The building comes with 32 solar panels with a rated capacity of about 6 kilowatts. Selby said at the time MiSo was built, these standard panels, each with a rated capacity of 190 watts, came at a cost of $10 per watt. Now, he said, 280-watt panels are available for about $3 a watt — that's how far solar technology has come.
Buildings with many uses
Decathlon entries find a variety of second lives once the competition ends, and program managers keep detailed records of where the buildings end up. In part, that's to give new Solar Decathlon teams good background information on what's come before them, said program manager Linda Silverman.
The Solar Decathlon dates to 2002, with biennial competitions beginning in 2005, with similar competitions springing up in Europe, China, Africa, and Latin America. Since its inception, some 130 teams here have participated, so there are plenty of second lives for the program to keep track of.
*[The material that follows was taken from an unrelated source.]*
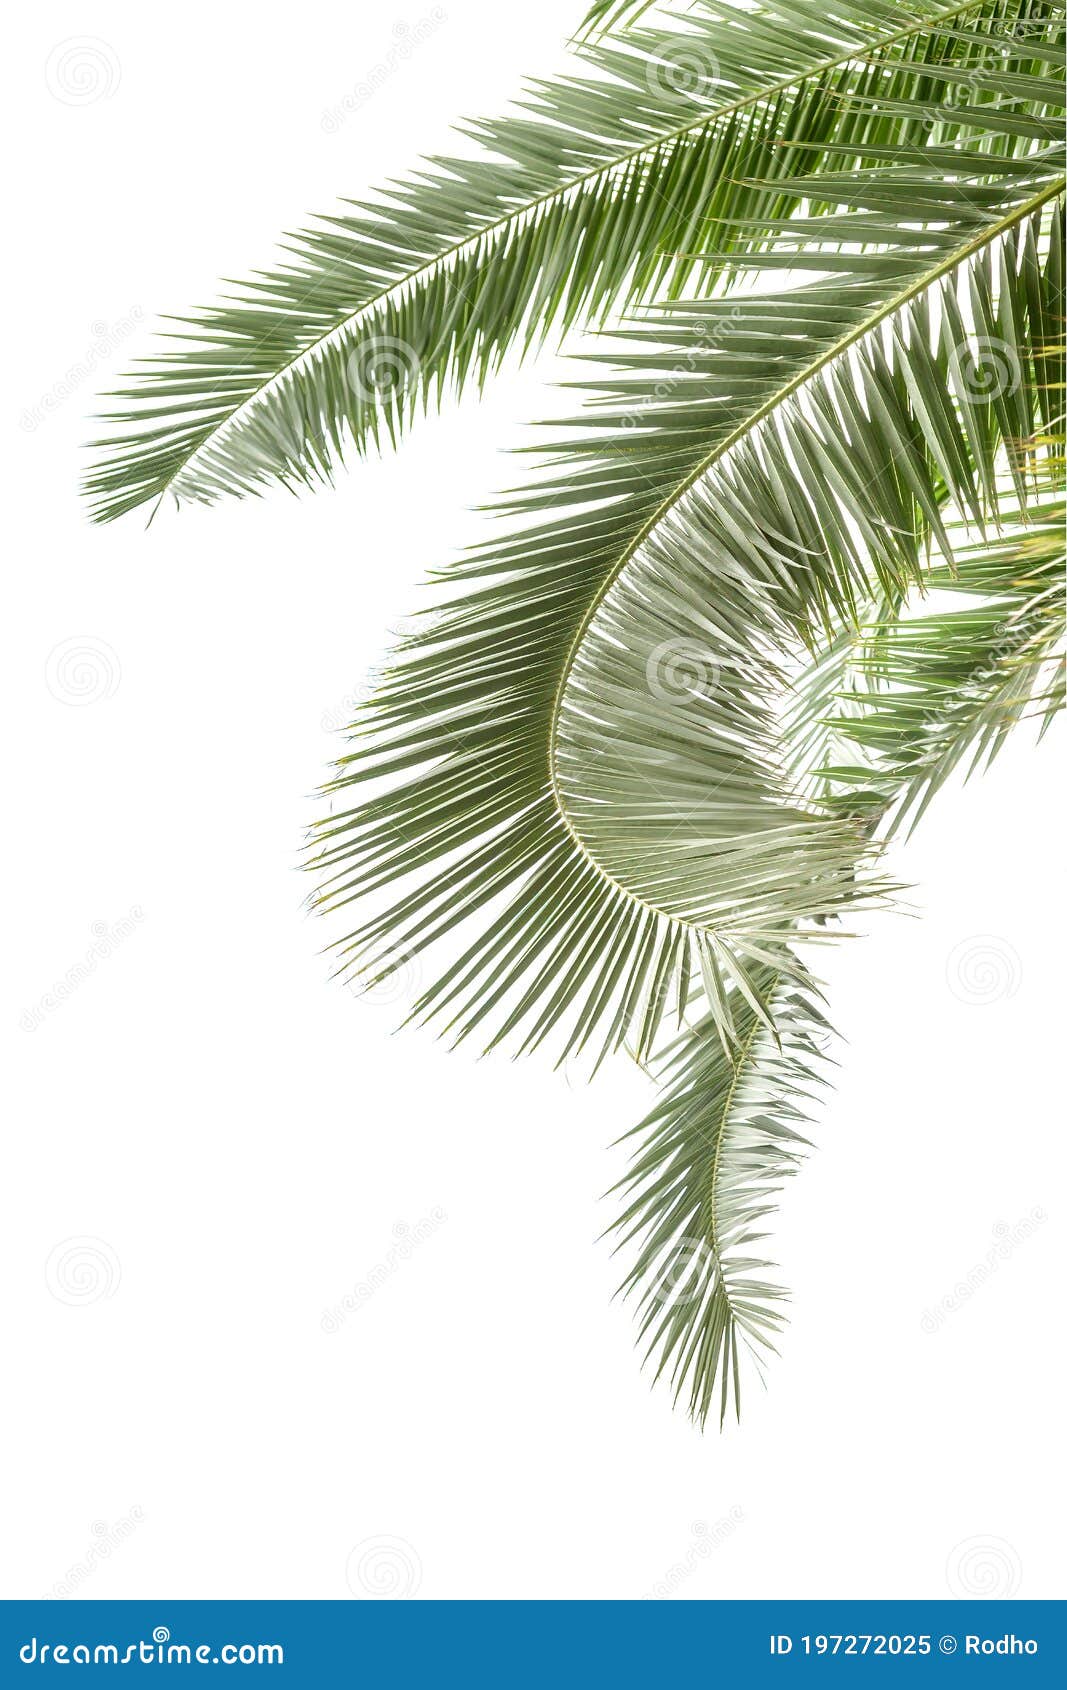 Hanging Palm Leaves Isolated on the White Background Stock Image

According to Silverman, Decathlon entries often become housing for faculty and students or learning labs about energy-efficient building on college campuses. One now houses a park ranger at the Jasper Ridge Biological Preserve near Stanford University. Another serves as transitional housing for military veterans who have suffered traumatic brain injury; an entry from an Austrian team was designed to float on that country's Blue Lagoon. Missouri Science and Technology, a frequent participant in the competition, has assembled its entries into a solar village where students and faculty can live.
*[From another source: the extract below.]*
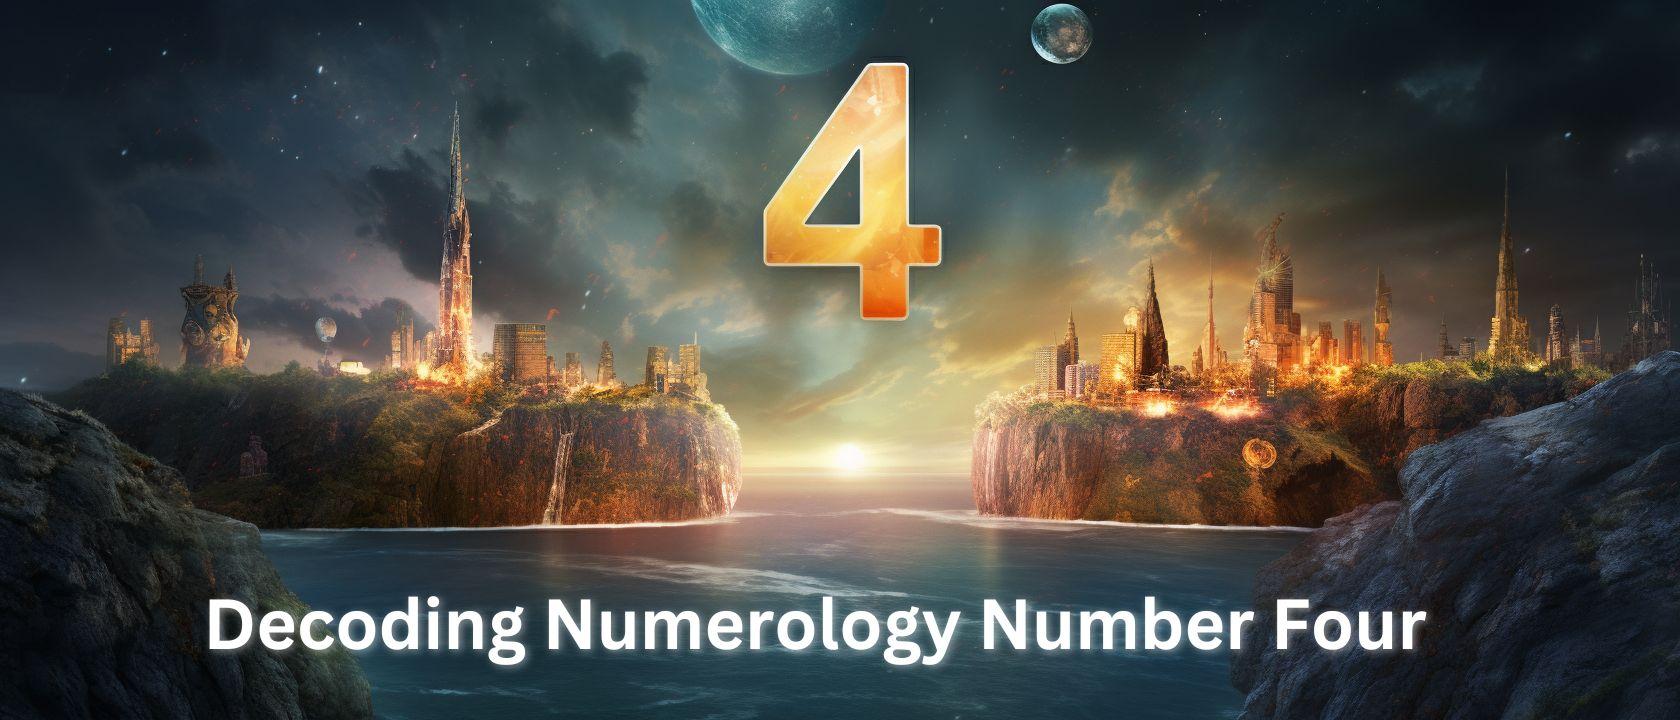 Decoding Numerology Number 4

"This is a big endeavor by the schools," Silverman said. "They tend to have ideas about where they want the houses to go afterwards. But where they end up after the competition, or within a year or two of the competition, could be different in five years."
Student teams not only have to design and build the houses, but figure out how to get them to the competition site, dismantle them after the competition is over, and get them back to campus.
The cost of a project for a U.S. team can range from $300,000 to $1.5 million, she said, with the money coming from corporate sponsors as well as the universities themselves.
"I think it's the most unique experience you could possibly have because it's so intense," she said. It's such a real world type of experience, and the students are just so committed."
The 2017 Solar Decathlon takes place on October 5 through 15 in Denver. Thirteen teams — two of them representing overseas universities — will compete. For the first time, each team that successfully builds a house will get at least $100,000 for their efforts; top finishers will get "significantly more."